This is an example of a decoder I made using the immunity debugger which show all the registration
process when you register all the methods or the properties and whatever.
You have there the function pointer for the getter, for the setters, for the methods,
the argument counters, et cetera.
So we'll try to decode all these adopts JavaScript engine using the immunity debugger.
We have two approach to this.
You have the static analysis and dynamic analysis.
And the static analysis approach is going to try to decode all this structure we saw
before, trying to get the object names, the methods and property names and the security
privileges.
This is an example.
This is all Python using the immunity debugger library.
First we read the pointer to the object name, then we read the strings of the object name
and we have the pointer to the members and the members counters.
This is all Python.
Then we decode the member structures.
It always is the same way.
You get the pointer to the member name, you then get the name of the other structure.
Here we get the allow events array, which is this, this application initialization and
version execution.
This is another one.
This is another snapshot doing all this in an automatic fashion.
And well, in the dynamic approach, we put some hooks on the method dispatcher and the
argument parser.
The hooks is a break point that allows us to execute the Python scripts.
Inside this Python script, we can control everything of the program state.
We can read the register state, we can change the memory, whatever we need to do is using
Python.
That's awesome.
We created an extensive API for all this, which is called immunity debugger library.
We have a heap library, a control data flow library, lots of tools to help to assist this
dynamic analysis.
So we put some hooks in on methods dispatcher, just in the code structure.
And the stack, the second de-word of the stack is our function name.
So putting this hook, we know exactly what is getting executed in the application.
If you try to put this hook on the application initialization, you see that adopts itself
execute tons of JavaScript methods that you never know.
Well, this is a script itself.
We have this method called hook, which is a class, a Python class.
We get the ESP bailware, well, then we get the string from there.
And we do a print in the lab window.
We have this hook in the argument parser.
We have to put our hooks in the parser itself at the end of the function, so we get all
these buffer and user fields actually filled with the information that's going to get into
the real function.
So this is how you see the argument parser call.
And this is the script itself.
You can decode the name of the argument, the type, and the most important part, you can
get the buffer that's going to get executed by the function.
And if some argument is used or not, we have an example.
Here we have a call to the collect email info function.
Well, this is actually a snapshot of the exploit of the collect email info bug.
Fossing with the spike.
First, using this static approach, we get a list of all the methods we can execute in
the adopt JavaScript.
And then using the dynamic strategy, we get all the arguments of each method.

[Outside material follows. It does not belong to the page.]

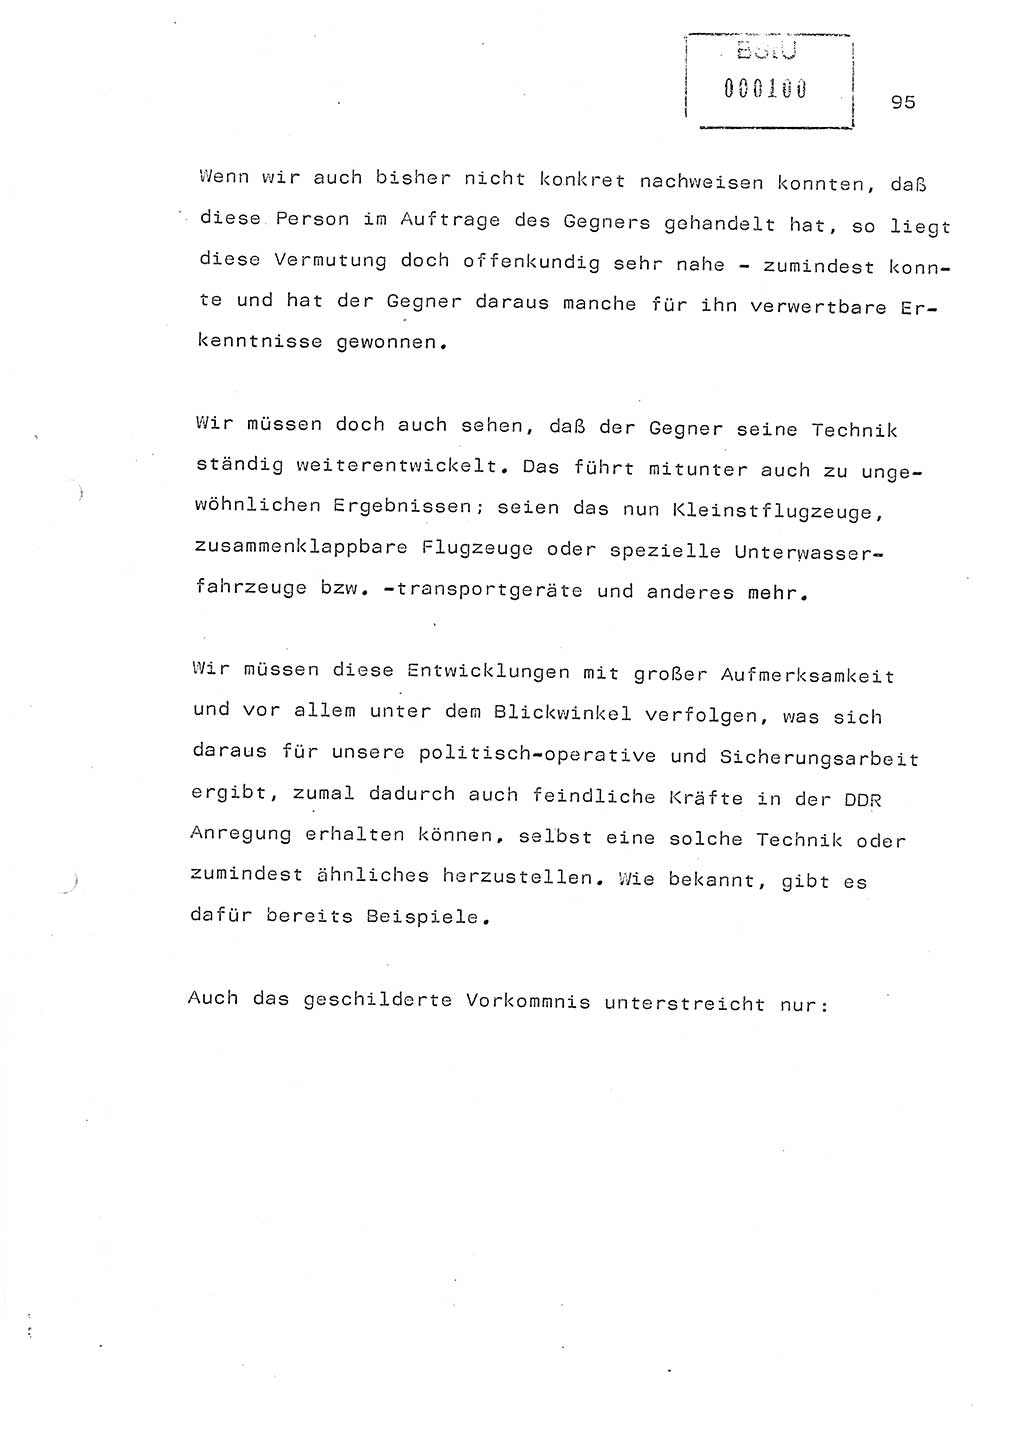 Referat (Generaloberst Erich Mielke) auf der Zentralen Dienstkonferenz am 24.5.1979 [Ministerium für Staatssicherheit (MfS), Deutsche Demokratische Republik (DDR), Der Minister], Berlin 1979, Seite 95 (Ref. DK DDR MfS Min. /79 1979, S. 95)
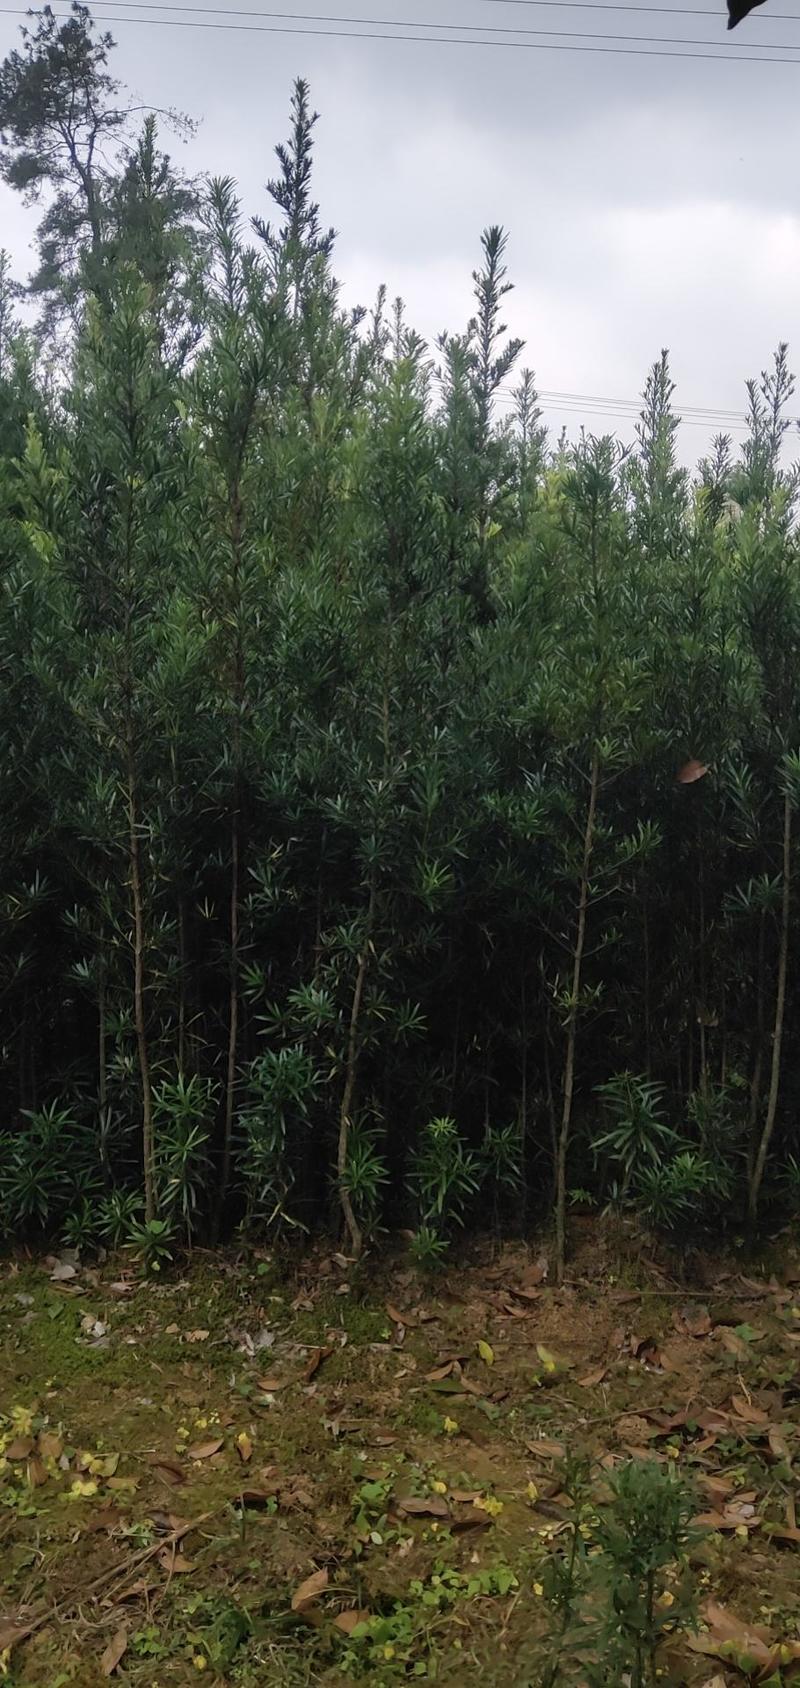 罗汉松苗(地径2～6公分)常年青绿可造型可盆栽包邮

And finally, we can fuzz each argument because we know the type of the argument using spike
and do a huge JavaScript that's fuzz every method.

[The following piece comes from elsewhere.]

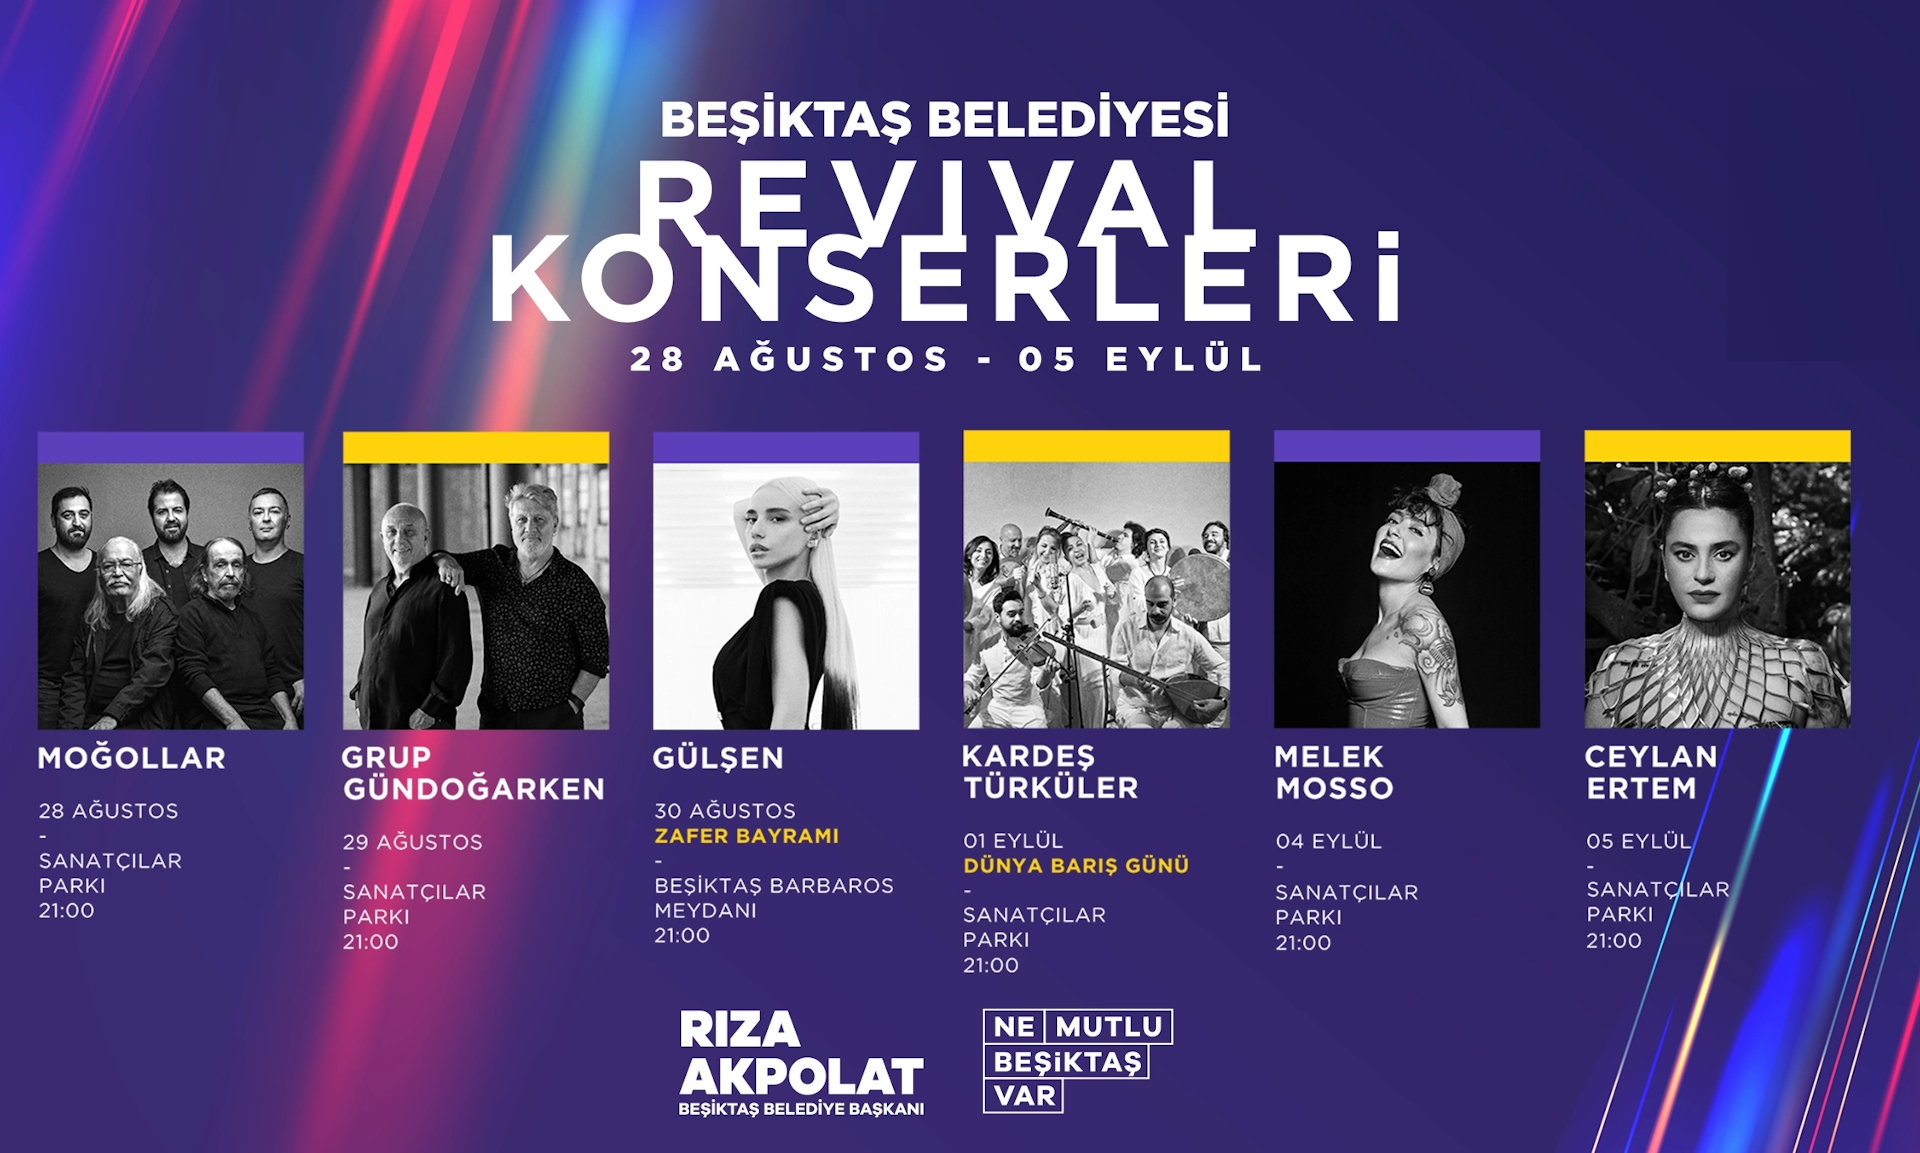 Moğollar - Beşiktaş Belediyesi Revival Konserleri

So we get all the methods and we make PDF files calling each function to get all these
arguments in a try catch statement.
And then we attach to a new debugger.
We execute this Python hook to get the argument parser stuff.
And then we make a spike script like this, fuzzing all the ASCII or Unicode strings with
something like this.
And this is obviously, this is automatic generally.
And the collect email info bug.
Using this fuzzing strategy, we can find this bug.
We put our hook in the registering function.
We execute the collect email info method so we get this argument.
We fuzz each argument.
Well, this method open a new window for each successful execution.
So you need some Python or whatever to close automatically this window.
This is the snapshot of the function that is actually failed in the Acro reader.
At the beginning, it allocates 2,000 exodesimals bytes to put the buffer there.
But then it checks the boundaries as 2,000 Unicode charts.
So that's wrong, so you can overflow 4,000 bytes of memory and not just the allocated
2,000.
So you can override the safe execution handler with an arbitrary value.
That's what we did in the exploit.
And heap spread all the memory with our share code.
So when the safe exception handler changes, it's precision, we get execution.
This is a proof of concept.
This is here we first heap spread with our int tree shellcode and then we overflow the
collect email info function.
Okay, well, some conclusions.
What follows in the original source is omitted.